Five years after its creation, Patriot employs about 4,200 and bears inherited responsibility for five times that many retirees.
It’s no wonder then, that by 2010, saddled with debt loaded on it by both Peabody and Arch, Patriot began losing money. It filed for bankruptcy in 2012.
The bankruptcy judge explained it this way: “There are several events that catalyzed Debtors’ [Patriot’s] bankruptcy filing. Above all other reasons however are the liabilities that Debtors [Patriot] inherited from Peabody and Arch.”
Patriot’s obligations to retirees and their family members exceeded $1.6 billion. But more than 90 percent of the miners owed these benefits never worked a day for Patriot. They were employed by Peabody, Arch and their subsidiaries.
The bankruptcy judge approved a plan under which Patriot would replace that obligation with a $300 million fund — a fund worth less than 19 percent of what was promised the retirees. Also, Patriot would place in the fund royalty payments that the bankrupt company contends could be worth “tens of millions” of dollars. Finally, the UMWA would receive 35 percent ownership of the bankrupt company — an “asset” the court contended could be sold to help finance the retiree health care fund.
None of this gets close to covering $1.6 billion in obligations. Thousands of miners and retirees have protested Patriot’s efforts to escape its commitments, marching in the streets of St. Louis and Charleston, W.Va. And the UMWA, which represents about 40 percent of Patriot’s hourly workforce, has said it will appeal.
The judge noted that the bankruptcy code requires that the court treat all parties fairly and equitably and that this standard was intended to disperse the burden of saving a company and to ensure that debtors did not seek reorganization on the backs of retirees.

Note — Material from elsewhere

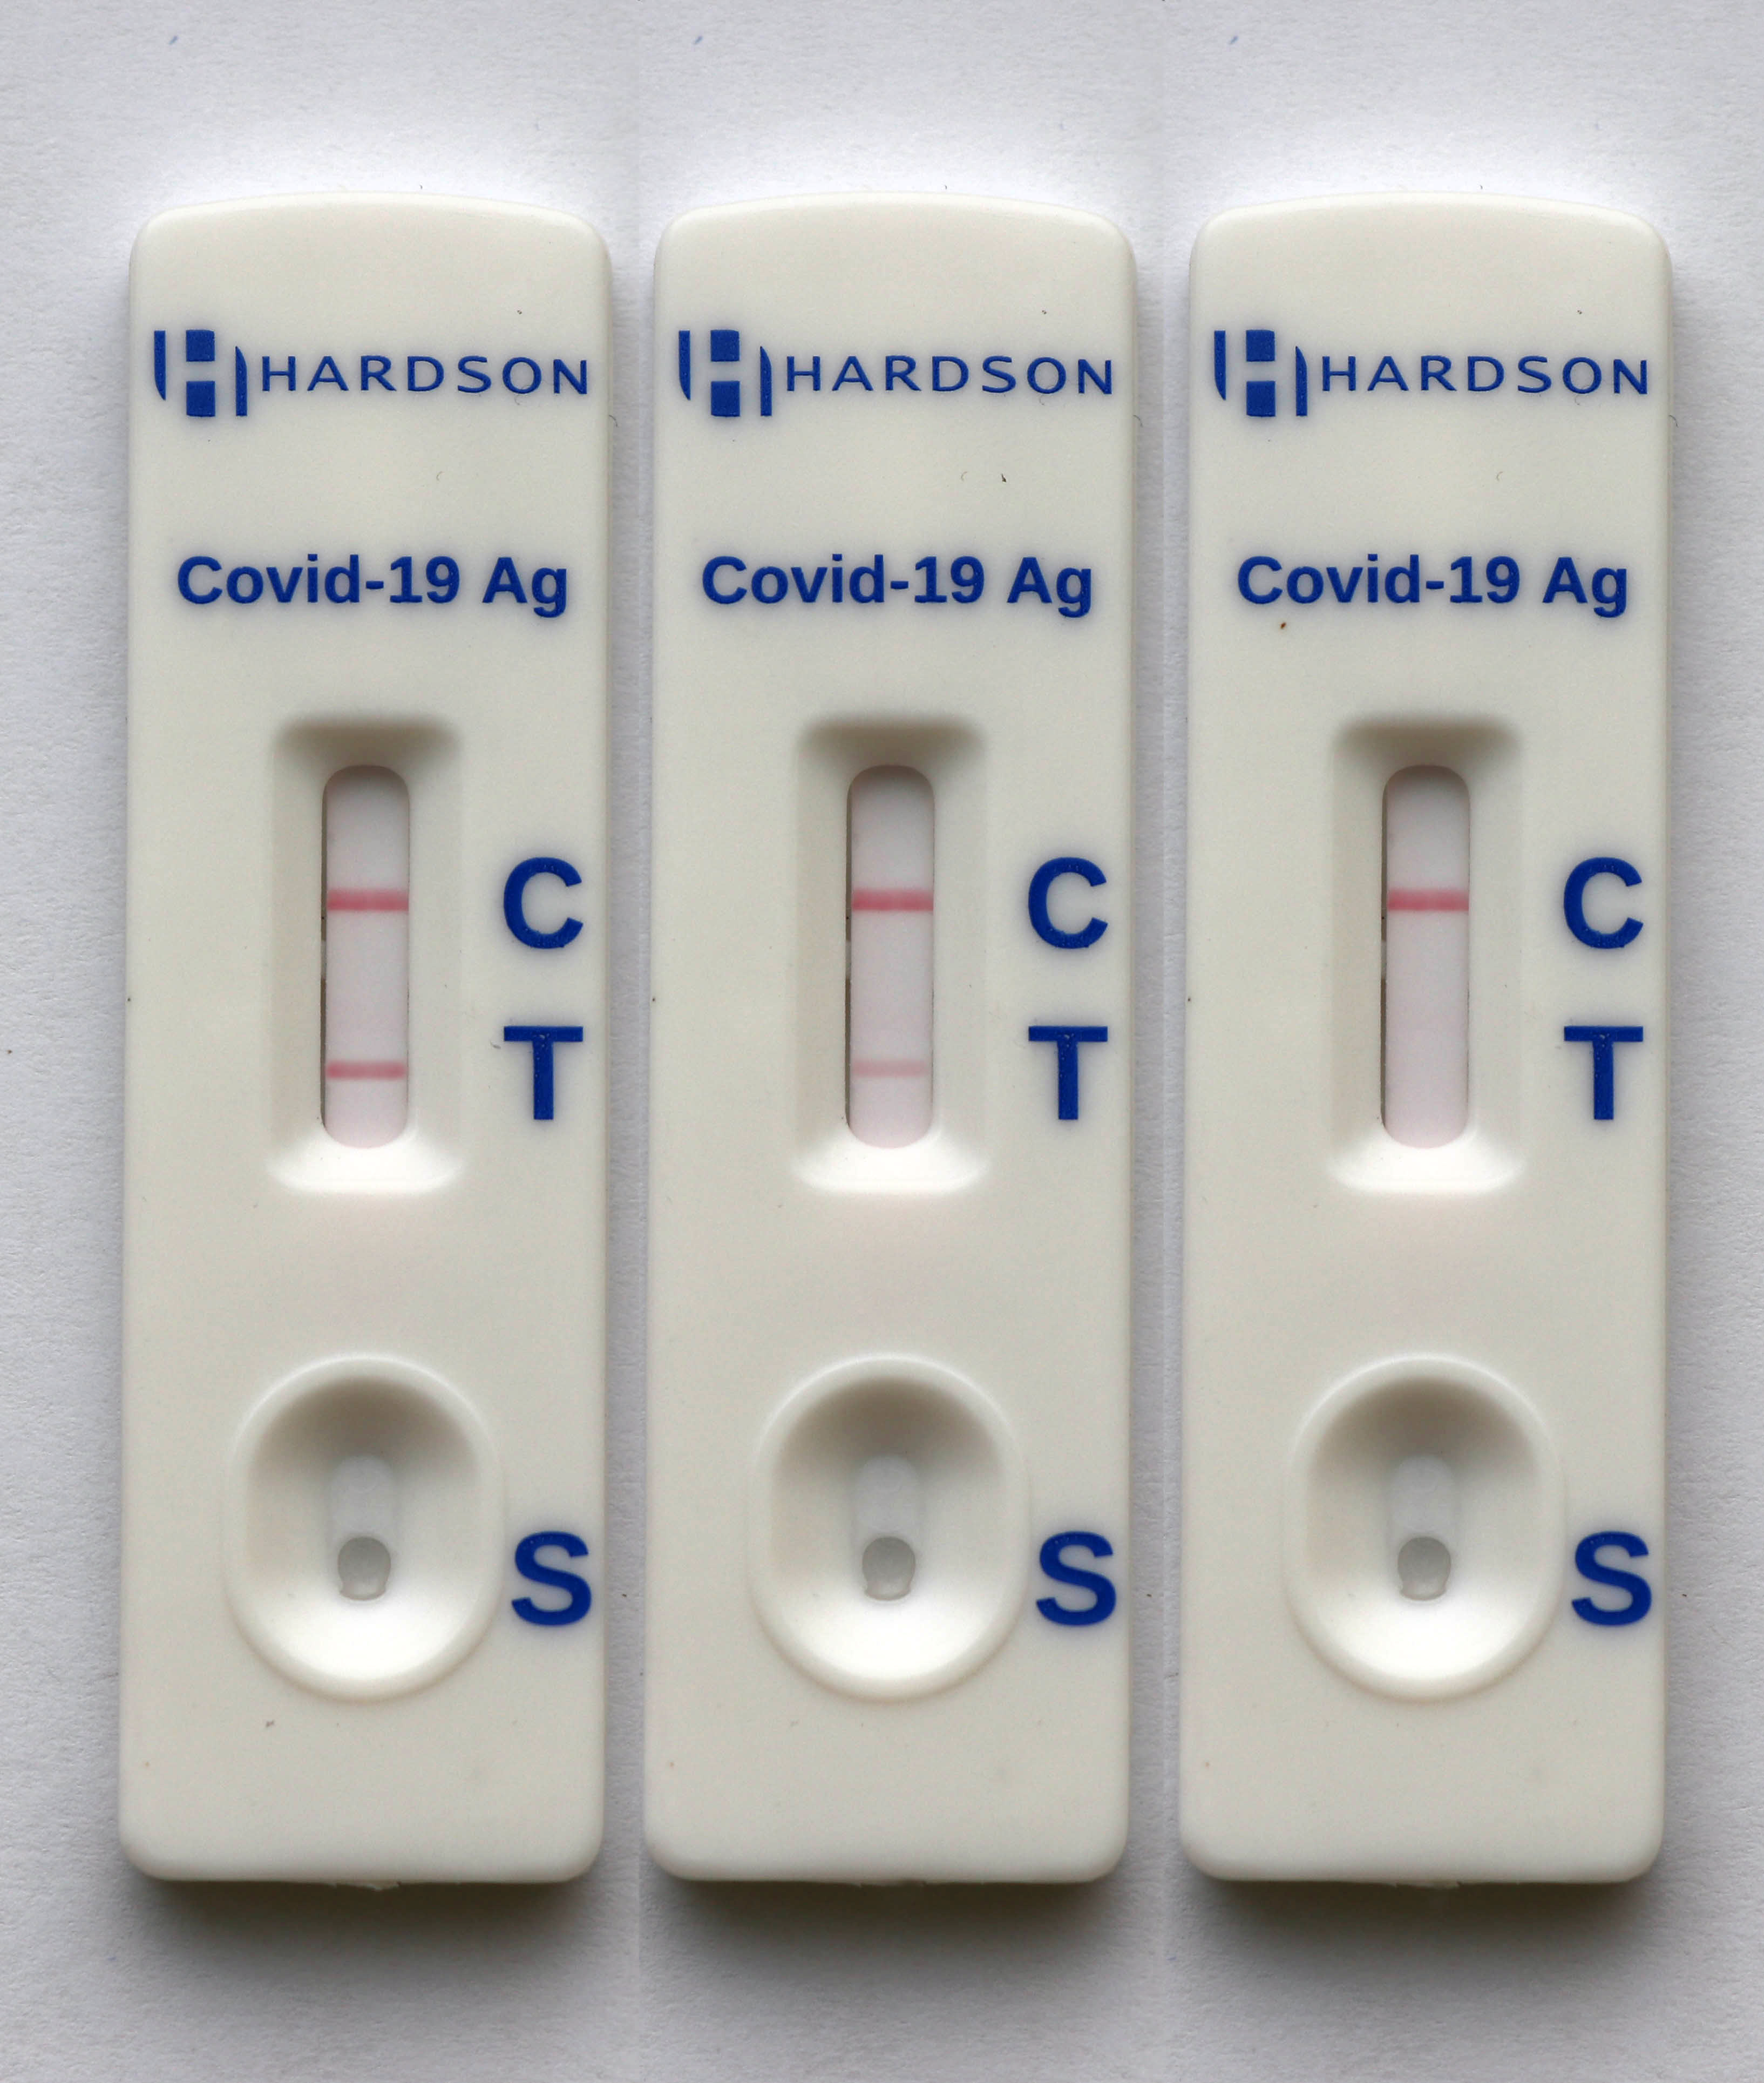 Clinical Evaluation of Commercial HARDSON COVID-19 Antigen Rapid Test Kit for Routine COVID-19 Diagnosis

Still, the judge allowed Patriot to reorganize on the backs of retirees. And on the backs of current workers whose labor contract will be broken and whose pay and benefits will be slashed.

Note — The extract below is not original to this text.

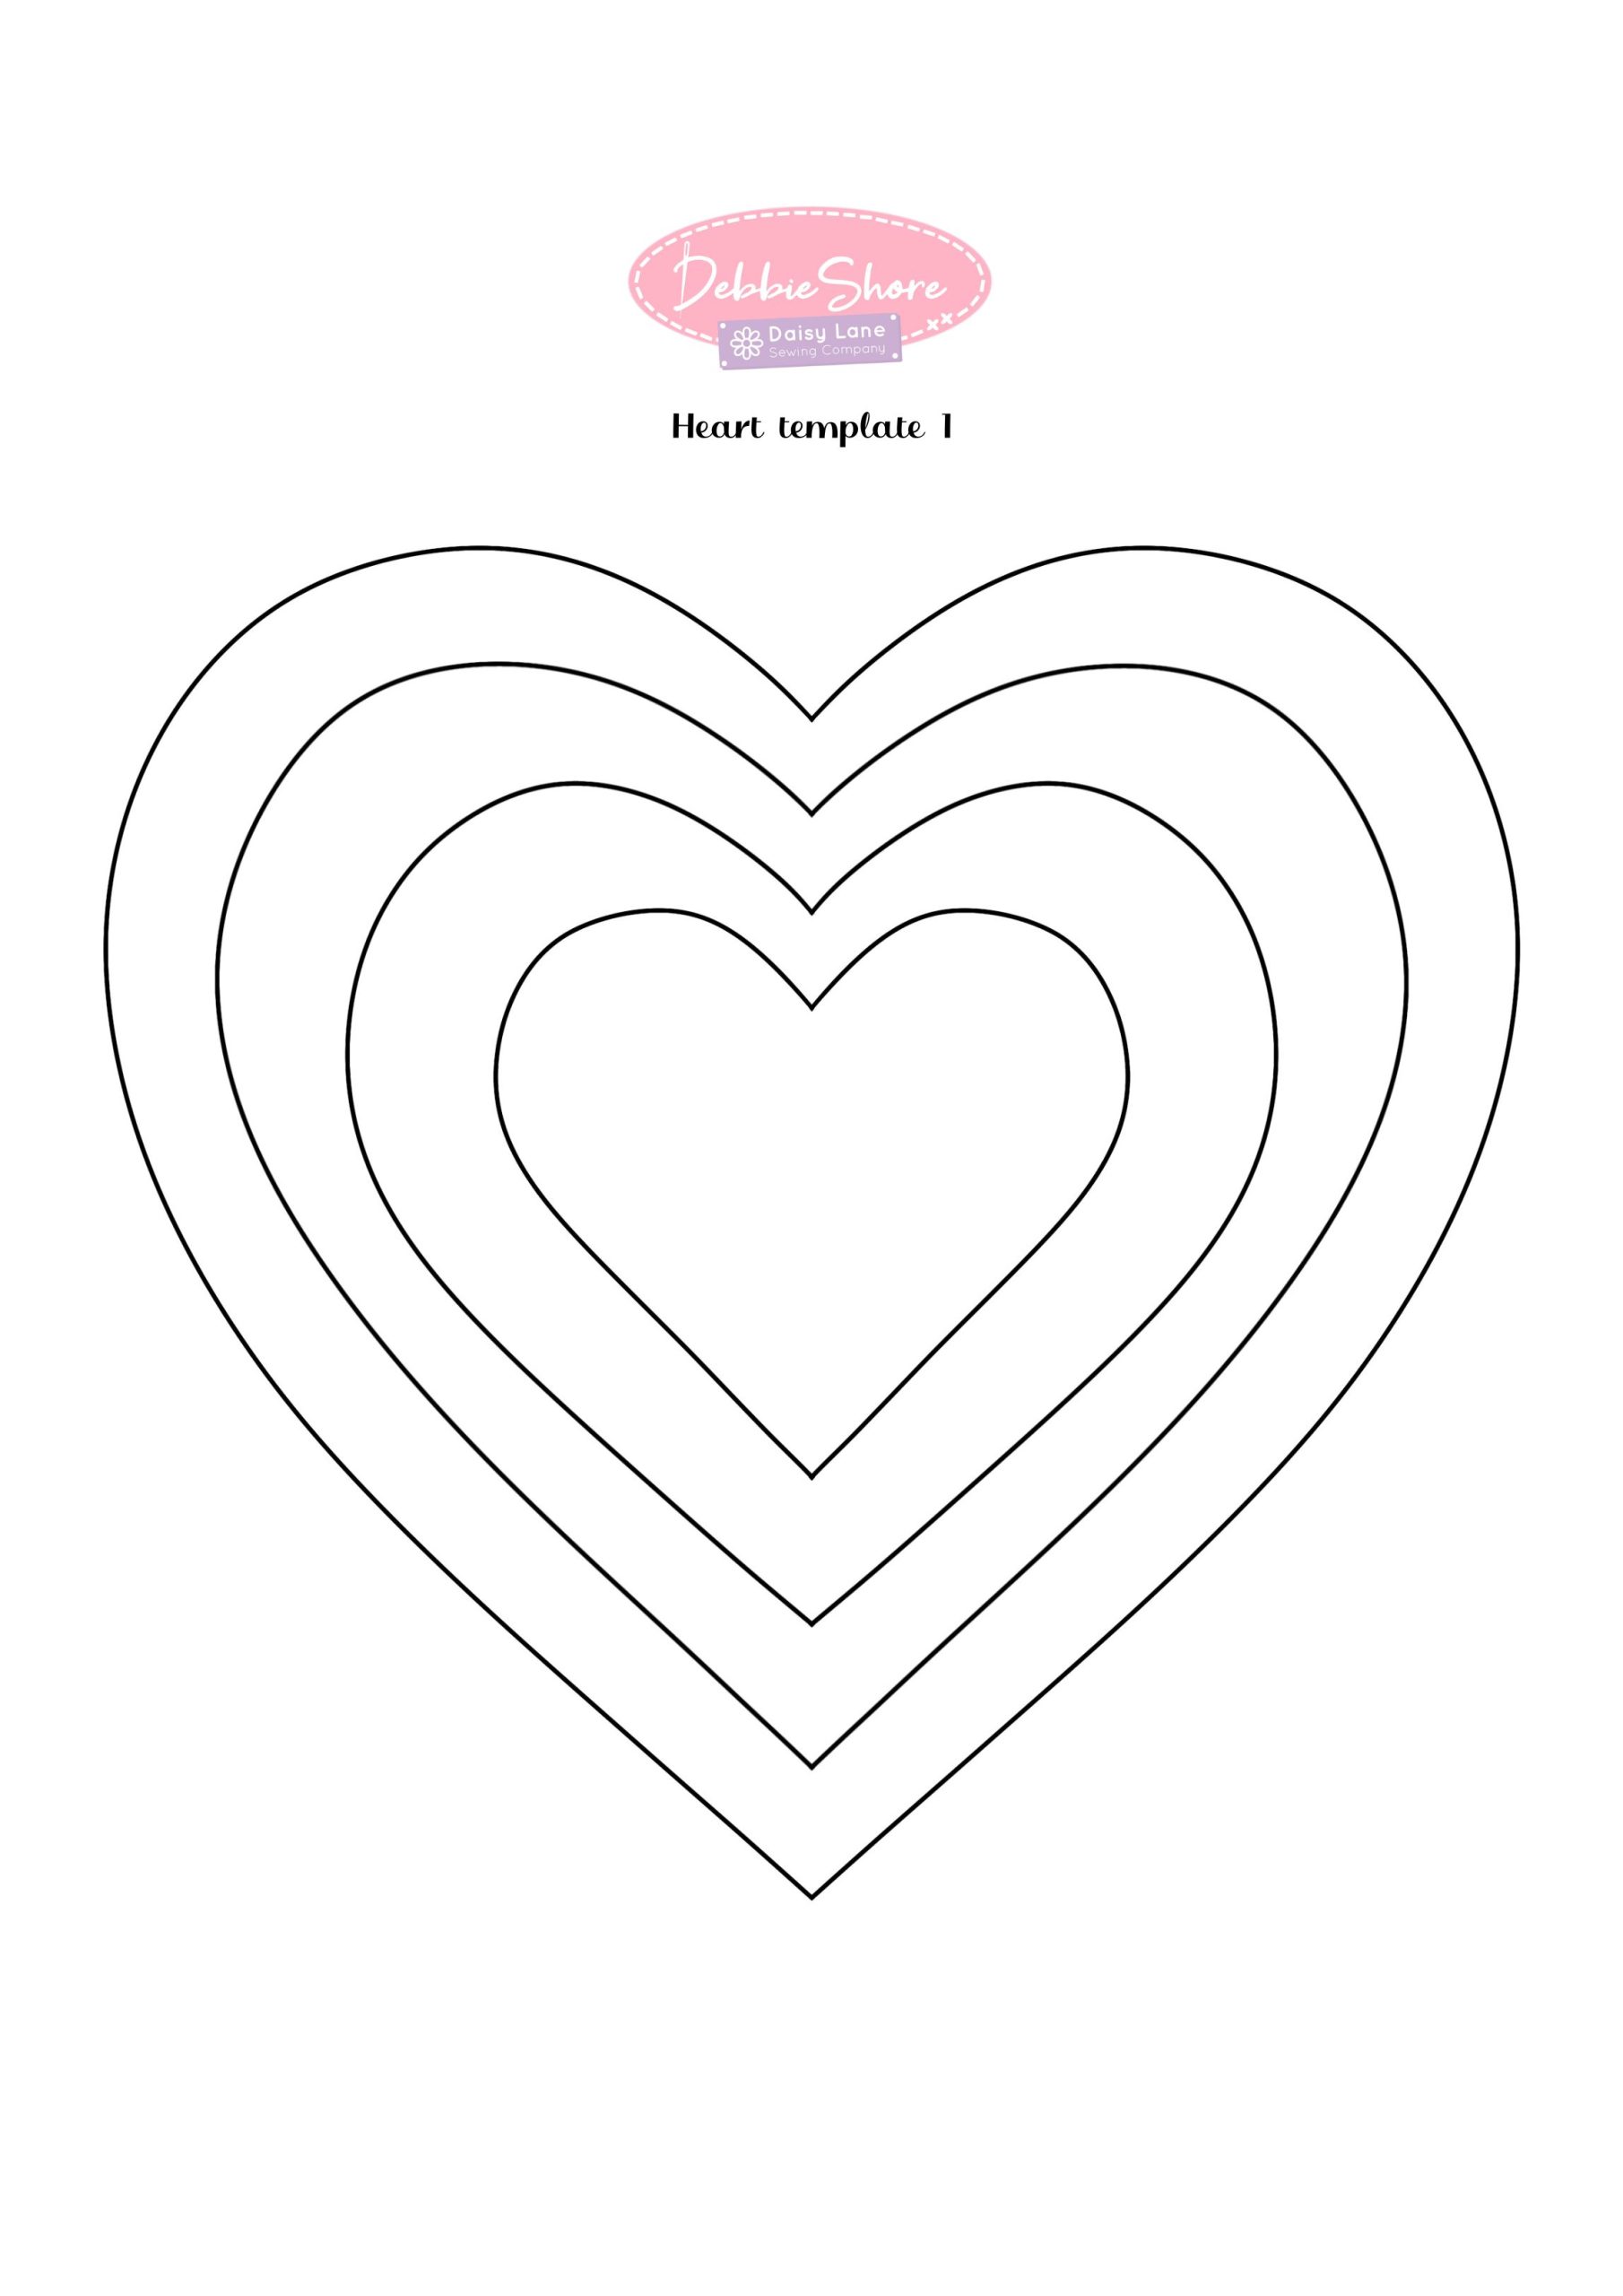 Heart Outline  Free Printable Heart Shapes and Templates

When employers promise pensions or retiree health care, workers count on it as deferred compensation. It is money earned now but received later. When a bankruptcy judge approves rescinding those earned benefits, the court grants the corporation authorization to take money out of workers’ wallets — permission to pickpocket. It’s a crime when committed on the street. It’s a crime bankruptcy courts should forbid when it’s clear the failed company was set up to go bust and rob retirees of earned benefits. If the UMWA loses on appeal, Congress must change the federal bankruptcy code to forbid this new method of mugging workers.